Yes, Mark…very basic but important and can make that difference between page 2 and page 1 in your ranking.
Andrew
Yes! Alt tag matters while we are optimizing a post for Search traffic. It helps the Search engine know what the post is about and ranks the post if it is of good quality.
Good advice! I’m curious if anyone has seen results from adding metadata to images or video files.
If you right-click an image and open the properties, with most formats you can add a bunch of information to an image.
This is another one of those things that is very hard or impossible to test, but could very well be used to determine the content of an image. I try to do things that Just Make Sense, even if it isn’t proven to be a factor….
Great tip. I think most people underestimate the impact of descriptive alt tags on their images.
I like to give my images a descriptive filename name also. I’m not sure of the SEO impact of image name though. Have you seen a direct impact of image name on SEO?
Cheers,
Ken
Ken,
I’ve not seen a direct impact of image name on SEO but if we are to believe Mr. Google , it does help.
Andrew
I regularly give my images a relevant name and alt tag but is there a way that you can have a link from your image to your website if someone uses it from Google Images? I know people are meant to give credit to where they found the images but that doesn’t always happen.
Erin,
Unfortunately I don’t think you can do that…well at least I’m not aware of a way.
Andrew
When I started blogging and working online I didn’t know that images can be also optimized until I read an article at ezine. This is really helpful to all newbies and till learning!
A very nice article for beginners. I think this article will help people like me who joined this “world of blogging”.

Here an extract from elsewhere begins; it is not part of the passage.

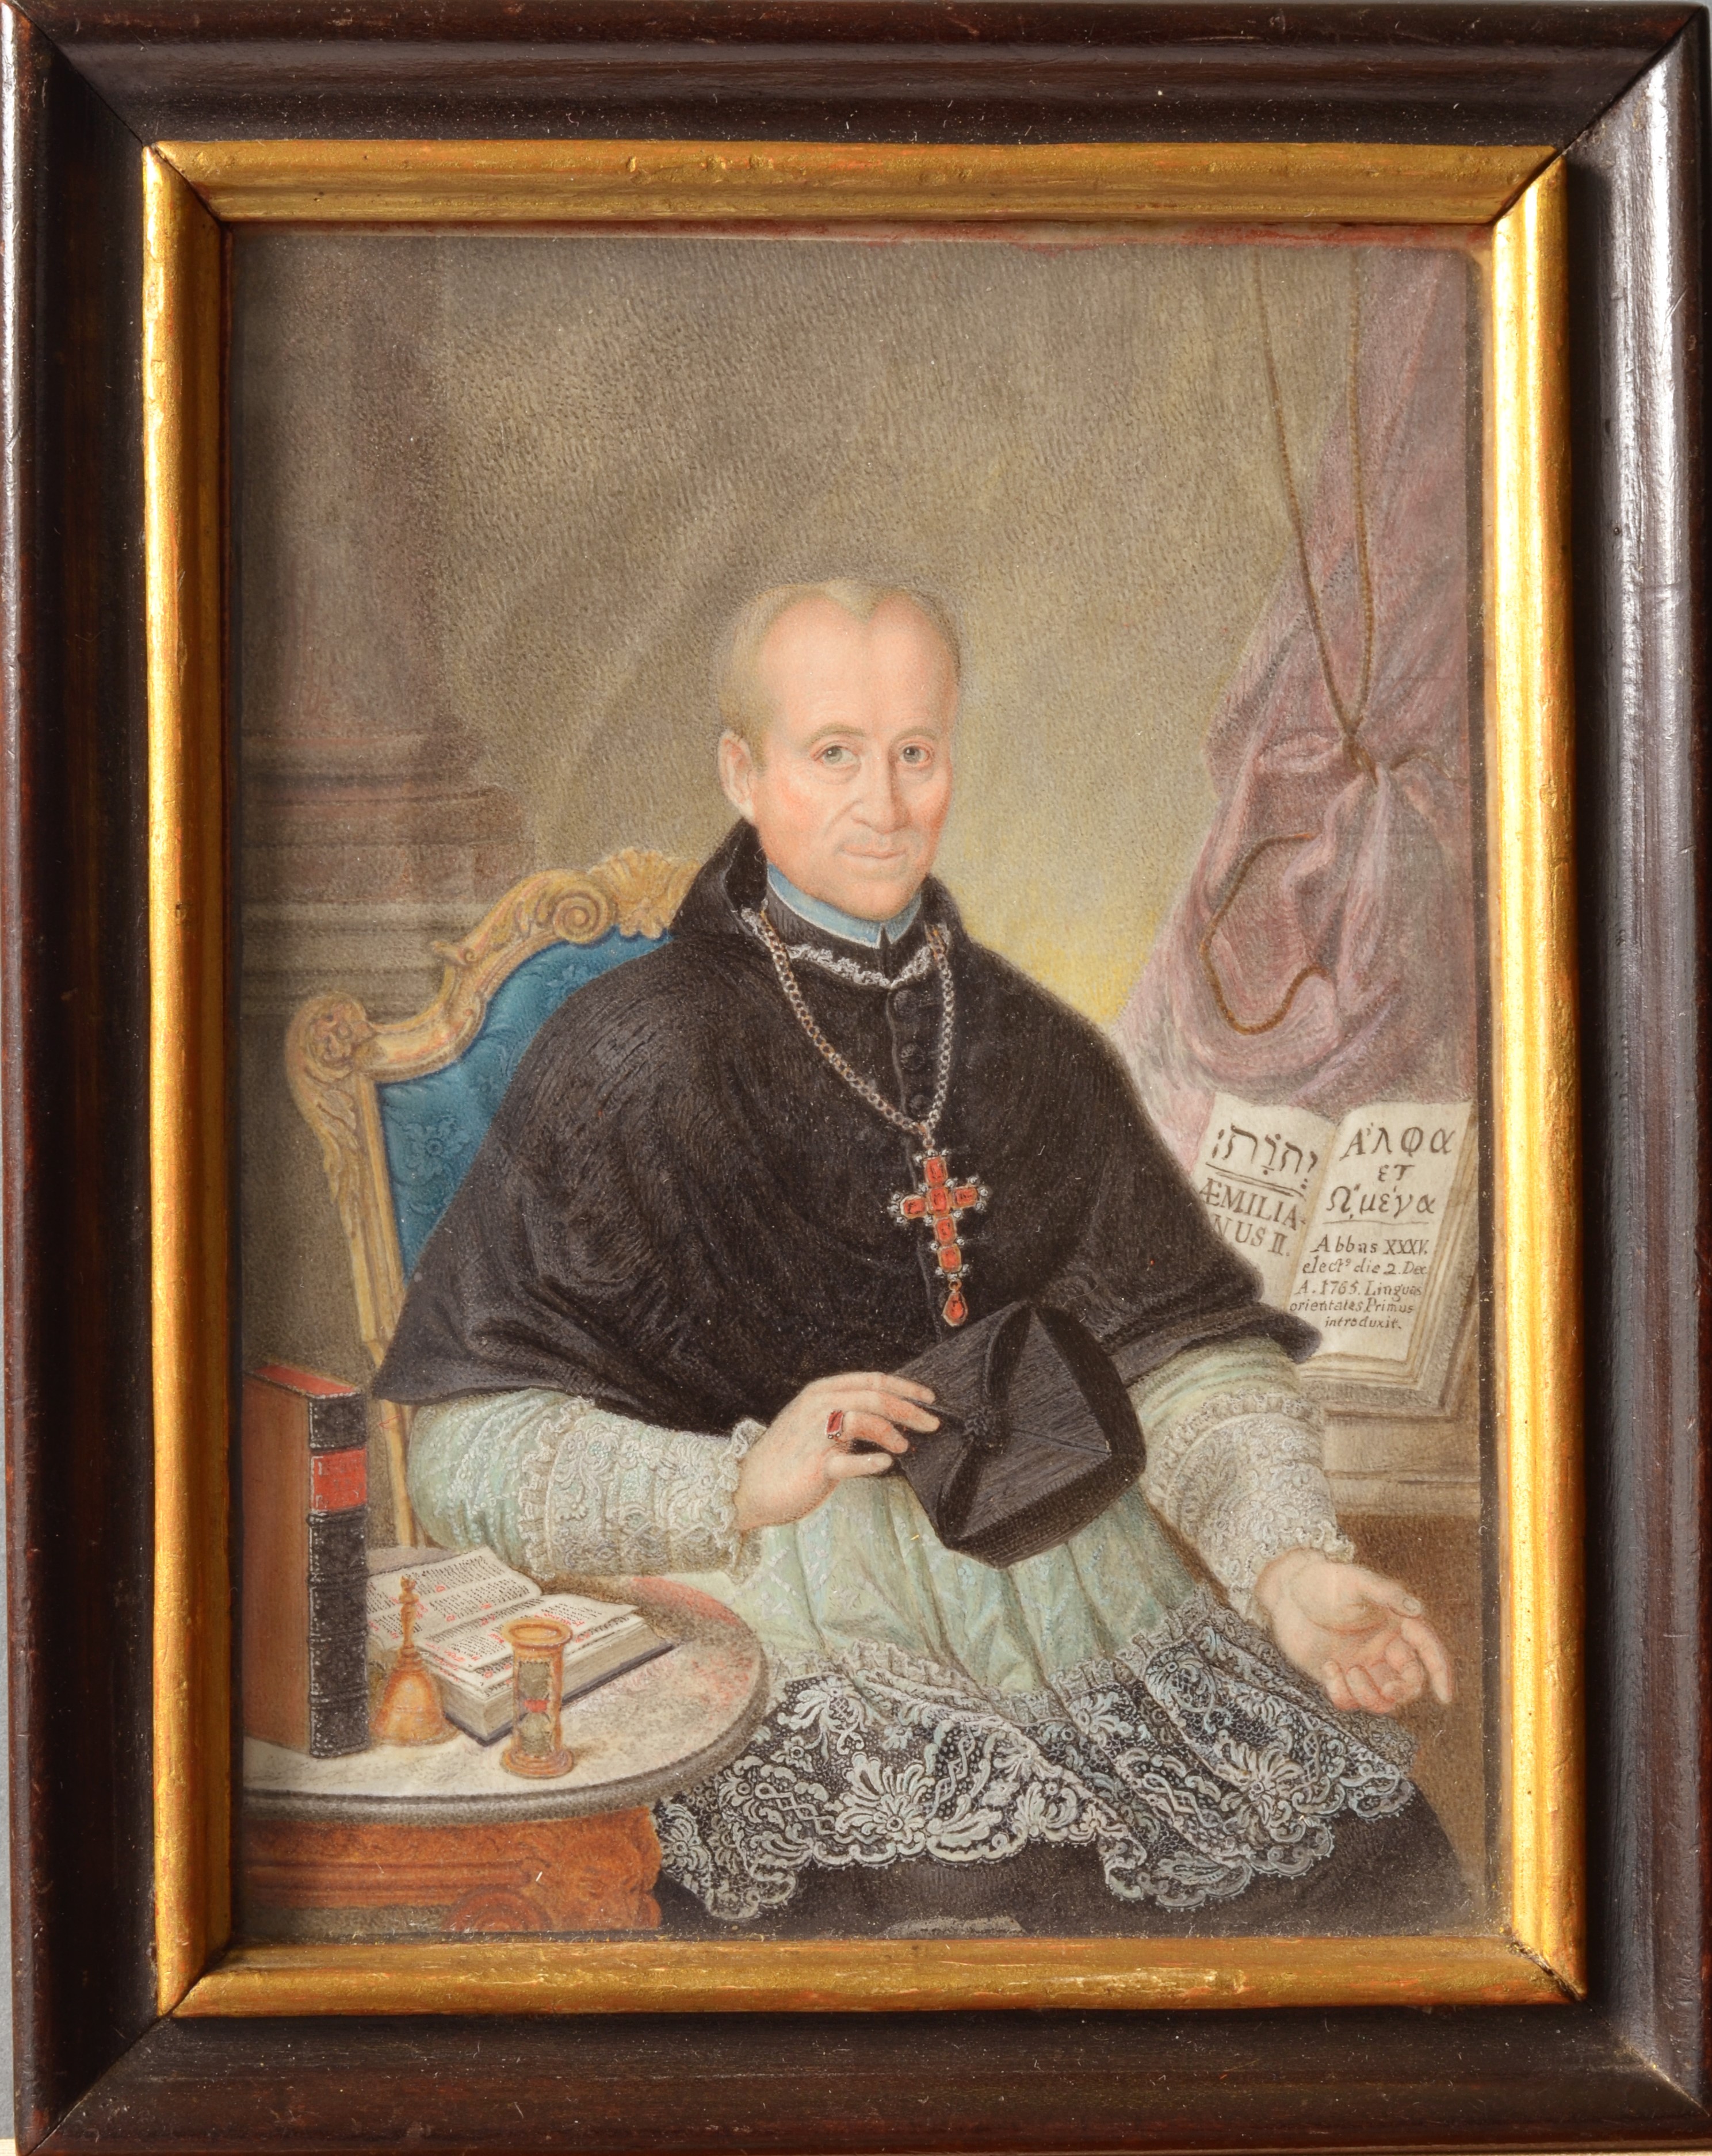 Kloster Irsee im Glück: Porträt von Abt Ämilian Mock kehrt nach über zwei Jahrhunderten heim

thanks for such a nice article.
Thanks for sharing this post with us. Optimizing blog post images are most important, it helps to increase search engine ranking by which a blog can get good amount of search traffic which is very good for any blog. This is really an informative post and I enjoyed this reading.
Thank you for this Blog Andrew as others have mentioned many of us were unaware of being able to do this but now with you sharing this we are now able to implement this in to our own blogs and helping our ranking get higher.
Hello,
I’d like to ask you whether this alt option also works for Blogspot? and is there any other way to optimize images that I post in Blogspot so that they will appear in Google search engine? I have renamed my landscape images into something like yogyakarta_indonesia_landscape_photography_DSC574 but it does not seem to help much.
thank you,
Ninn
Ninn
I’m sure it does also work for Blogspot.
Why keep ‘DSC574’ in the image name?
Andrew
Hello,
thank you very much for the reply 🙂 I actually couldn’t find any alt option on blogspot but somehow, when I used Bing SEO analyzer, it said that 7 of my images were missing alt tag. Is there any solution for this?
and yes, I keep the original file name (example: DSC574) after the landscape tags to differ one image to another. I do that to avoid replacing an image with a new one accidentally since I’m very careless. I wonder if placing the original file name affects Google search engine in reading my images?
thank you,
Ninn
I’m not an expert on Blogspot – so not sure if you can do what you’d like to.
Andrew
I mostly use the focus keyword in images on my articles. I usually use the slug to name images for example if my focus word is ‘we build your blog’ I mostly use image name as ‘how-can-we-build-your-blog-image1’ and just add image2 image3 and so on to the slug. So am I doing right or wrong. Please do help me… Would really help if I got reply from you.
Abhishek
That sounds like a good approach but I would just use ‘1’, ‘2’, ‘3’ rather than ‘image1′, image2’, ‘image3’
Andrew
Great post bro. I also optimize my images by using alt tags and captions. These help allot and give user a complete information about the image,
Hey Andrew,
Great content and Yes, image also play important role as it also helps in attracting readers towards or blog and drives traffic. For image optimization, we have to follow these basic. This post gonna help many newbies.